By Hannah Lebovits | JTA

While I had been enjoying two days without electronics in observance of Shavuot and Shabbat, cities across the country were engulfed in a combination of civic protests and riots. Weapons of war were being used against citizens within their own state. It was horrible to watch. I could not sleep the entire night.
I thought my technological disconnect was the source of my unrest. But I soon realized that it wasn’t just two days of not knowing that spurred my unease. It was that despite my close proximity to the chaos as the crow flies, I live in a totally different universe.
I work, study, and spend a lot of time in the city of Cleveland, but my residence in the Orthodox community is technically outside of the municipal boundary. Like Jewish communities across the country, most Jews in the Northeast Ohio area live outside of the central city — and have for generations.
American Jews know firsthand the effect of segregation efforts in our country. Early immigrant Jewish communities were restricted to small enclaves in American cities, usually in housing that left much to be desired. The Lower East Side of New York, the Boyle Heights neighborhood in Los Angeles, Cleveland’s east side — Jews moved into these communities because they could not afford to live in and were not welcome in other areas of the city.
But for European Jews, these spaces served as economic and communal incubators. They allowed Jewish communities to establish social support systems and slowly move out of these spaces to wealthier, whiter, more resource-rich ones.
During the same time period, redlining, blockbusting, zoning laws, local fiscal practices, and racially restrictive covenants kept black communities within geographic regions that were disinvested and devalued.

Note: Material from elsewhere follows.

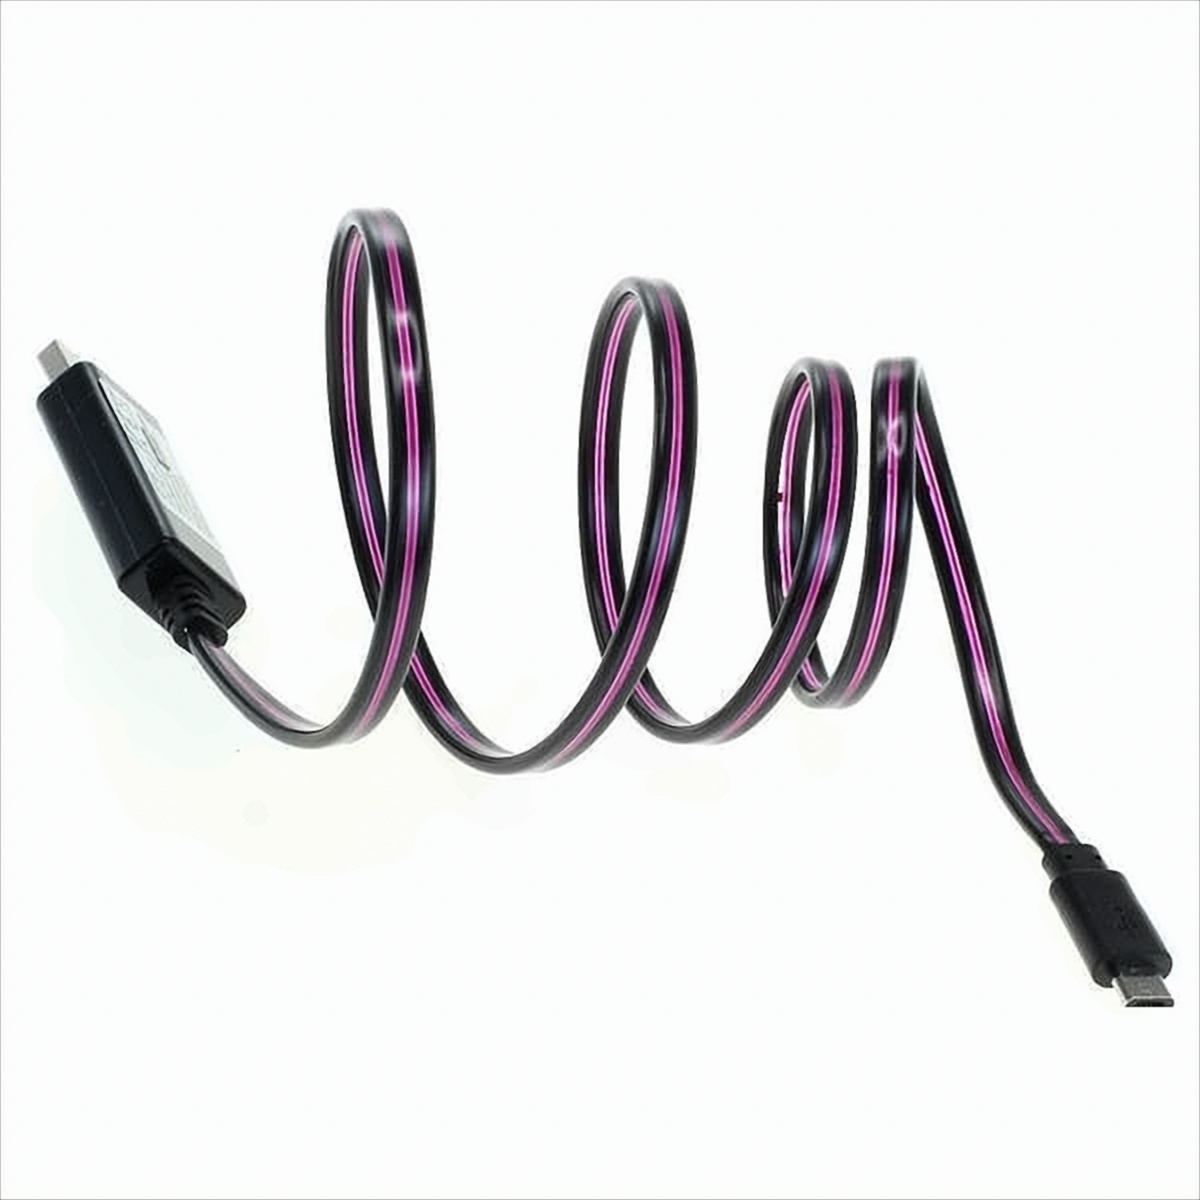 OTB Datenkabel Micro-USB mit animiertem Lauflicht - schwarz-violett von OTB
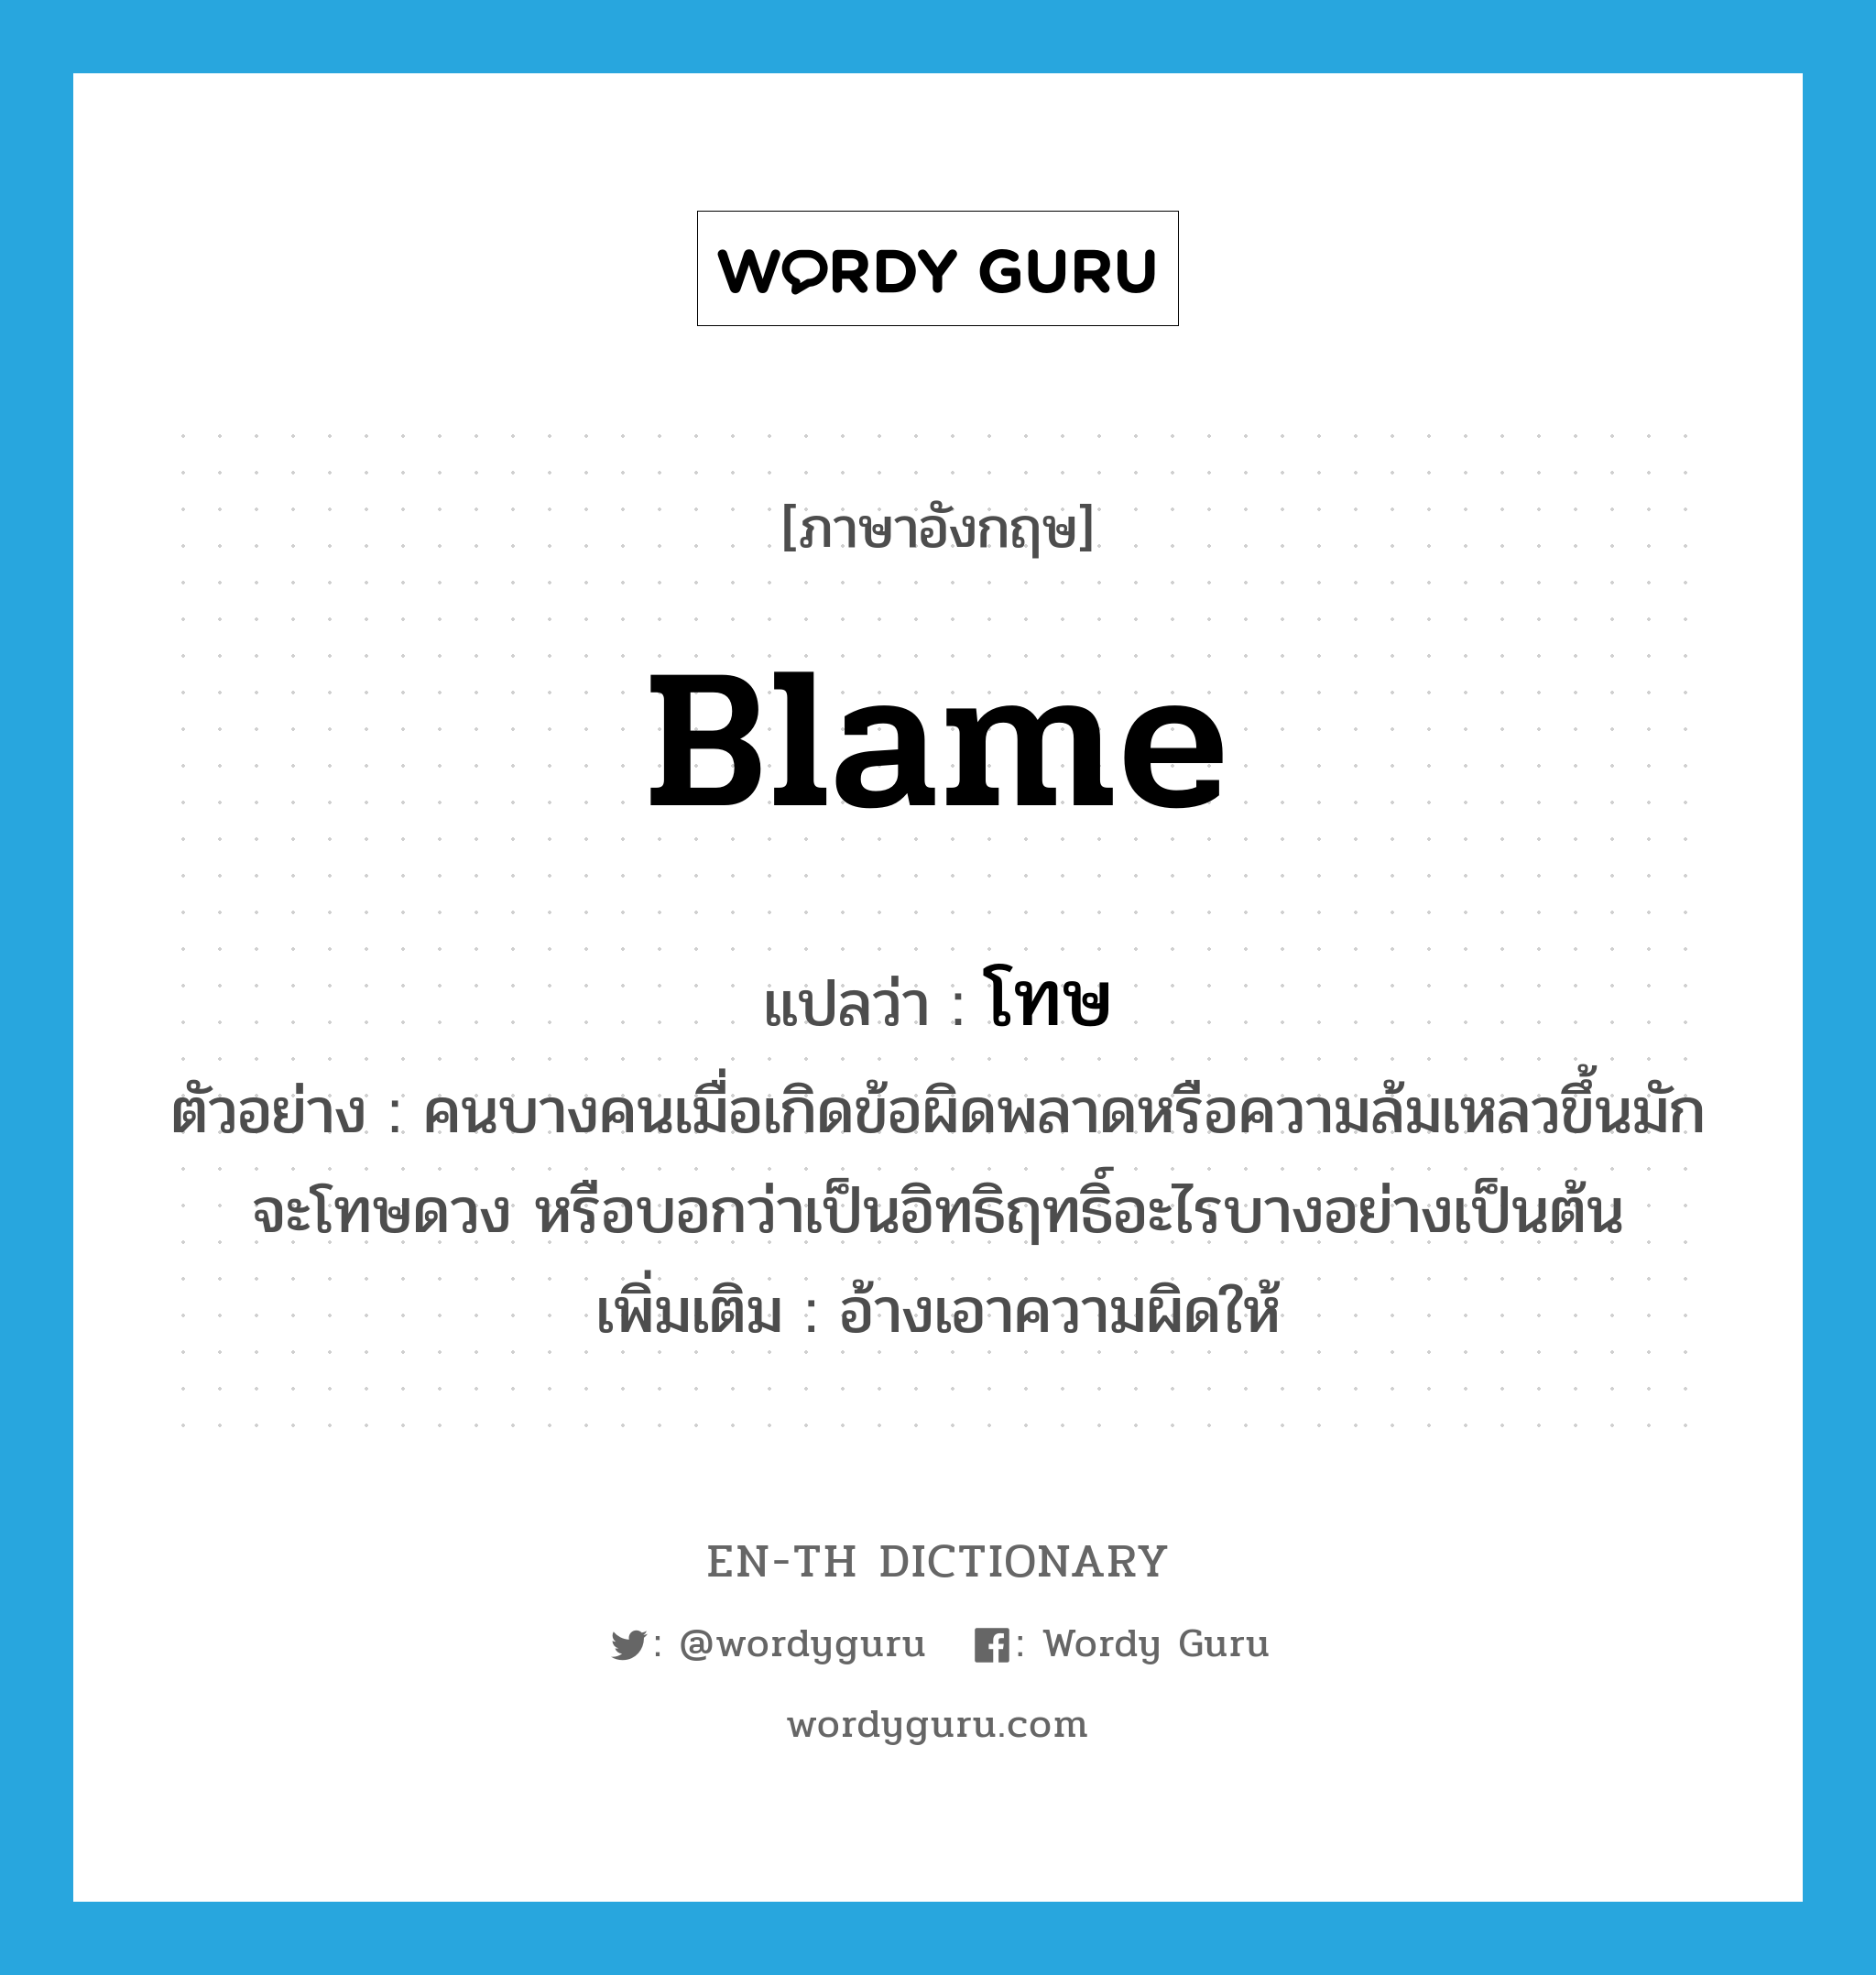 blame แปลว่า?, คำศัพท์ภาษาอังกฤษ blame แปลว่า โทษ ประเภท V ตัวอย่าง คนบางคนเมื่อเกิดข้อผิดพลาดหรือความล้มเหลวขึ้นมักจะโทษดวง หรือบอกว่าเป็นอิทธิฤทธิ์อะไรบางอย่างเป็นต้น เพิ่มเติม อ้างเอาความผิดให้ หมวด V

In 1917, the Supreme Court determined that cities could not explicitly limit black migration to their areas. However, far from eliminating segregation, the new practices that developed over the 20th century only hid it more deeply. Indeed, several simultaneous efforts created two very different realities: disinvested black cities and wealthy, white suburbs.
First came Euclidean zoning in 1926. In a landmark Supreme Court case, cities were granted the right to design a built environment segmented by uses. Homes could be confined to one corner of a city, manufacturing plants another — or not at all. Cities began to use this power to restrict new housing and development. Shortly thereafter, Franklin Roosevelt signed the National Housing Act into law, spurring banks to create maps of regions and determine which areas were considered valuable. The subsequent redlining efforts limited the ability of those residing in black neighborhoods to secure loans for mortgages.
Then, in 1948, these covenants were finally deemed unconstitutional — forcing racism to move even deeper into the private systems of housing. Real estate agents, looking to capitalize on anti-black sentiment, engaged in blockbusting efforts — convincing white residents of neighboring communities to sell their homes for cheap before the neighborhood was occupied by black families, only to then resell those homes at exorbitant prices to incoming blacks. The Federal Highway Act of 1956 dedicated billions of dollars to infrastructure focused on expanding regions to accommodate new housing in areas that black homeowners could not reach or were not welcome. These racist attempts to prevent black migration were still only more deeply hidden following the Fair Housing Act of 1968 and the Community Reinvestment Act of 1977.
Though unable to legally engage in overtly prejudicial practices, banks, political actors, and individuals used private, public and interpersonal systems to maintain segregation. Building on the directly racist practices of the past, space became a proxy for race. City planning and zoning efforts, the delivery of public goods and lending practices — all became mechanisms to sustain racial segregation by targeting spaces where black communities live and using the systems that control migration and housing security to limit black mobility.
While anti-Semitism remains, the era of “No Dogs or Jews” is over. When they go to apply for a mortgage, to rent an apartment, or to access social services, European Jews do not have to check a demographic box other than “white.” For all intents and social purposes, we’ve secured many of the benefits of our WASPy suburban neighbors. As a result, we have gained the privilege to access white spaces in a way that black people have not.
The neighborhood in which you live determines your quality of life: the ability to avoid violence, attend high-quality public schools, live near parks and greenery. Throughout the country, because of racial prejudice and discrimination, black individuals have less access to these experiences.
The Jewish community in my area does not live in fear of how we conduct ourselves in our streets. We can dance with a new Sefer Torah from one end of the neighborhood to the next with a police escort in tow. Our holy sites are often protected — not threatened — by police presence. Public services are extended and enhanced for us when our holidays occur. No one calls the cops when our kumsitzes go late or we sing from our sukkahs.
Yet when I discuss this reality with my light-skinned Jewish neighbors, people often do not believe that these experiences can be described as a privilege. Instead, I am told that these experiences are available to everyone and that others can and should access them as our community so often does.
I know this is not true. Our ability to be who we are in our neighborhoods is not a right that is extended to all people. Our capacity to utilize local resources without backlash or fear is not accessible to others. And our sense of trust in protective services is not universally shared.
I’ve had countless conversations with my fellow Jews about this topic, and they’ve often been difficult and heated. But today — as we all once again feel the immense weight of racism in this country — I am asking my light-skinned Jewish friends to sit with this and think more deeply about the ways that we experience the cities we live in. We are given the privilege to exist in white spaces — to gain from the resources, opportunities, and protection that these spaces afford.
As Jews we rely heavily on mutual support from others and look to other groups for allyship. Today we must recognize our spatial privilege and advocate for change. Demand systemic shifts, not policy Band-Aids. Dismantle even the hidden institutions of racism. And work tirelessly toward eradicating all bigotry, once and for all.
Hannah Lebovits is a Ph.D. candidate in Urban Studies and Public Affairs at Cleveland State University.